I would like laws to reflect reality and the reality is people can use social media to threaten others.
I don’t see why the third party independence matters. Especially if I know that if I tweet something, my tweet will be passed on. You can forward tweets to others. At least public tweets. So maybe, maybe, public tweets matter in this case.
Also, if the tweet is public, anybody can see it…even if the tweet isn’t directed at a particular person.
@Demosthenes – see bottom of pg. 23 of appellate brief. It clearly states the grounds upon which the expulsion was based. Specifically references car incident, repeatedly following her and making unwanted contact including physical and electronic… Full text is in Judge’s decision includes additional specifics…
@HarvestMoon1: the hearing for the expulsion based on the alleged violation of the no contact order. Re #1877: They included all of their bases for the original order in their reasons for the enforcement. But, of course, conduct can’t violate an order when the order comes after the conduct.

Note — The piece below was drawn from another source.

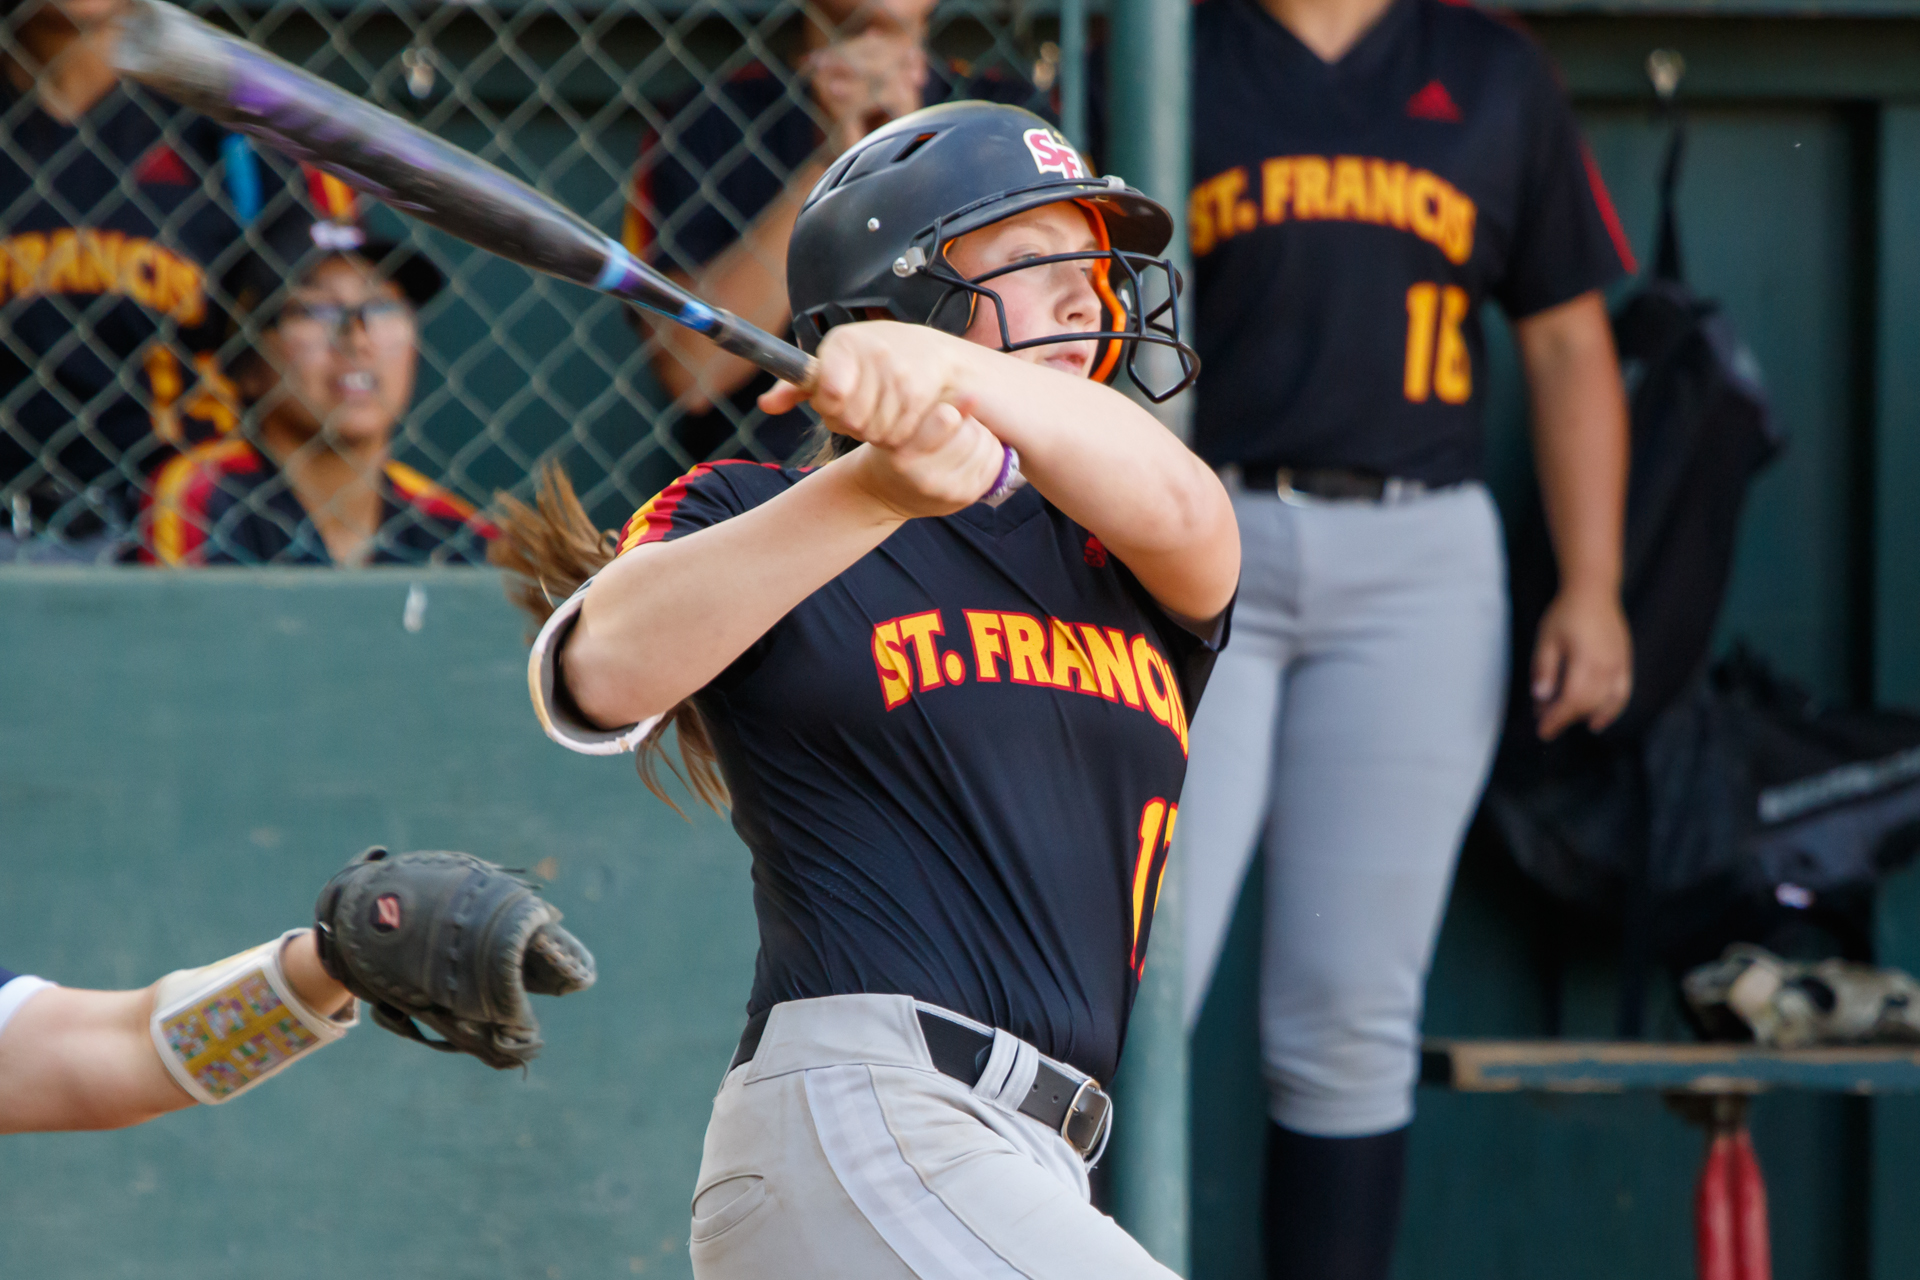 St. Francis tops Vista for eighth straight win

@dstark: Law reflects reality, but people have a tendency to assume reality contains things in line with their political preferences (for a no longer controversial example, see “super predators”). This is especially true when it comes to speech (see the attempts to make anti-war speech illegal during Vietnam). To balance that impulse, we have a constitution with certain requirements. One of those is the protection of speech, which is at issue in this case.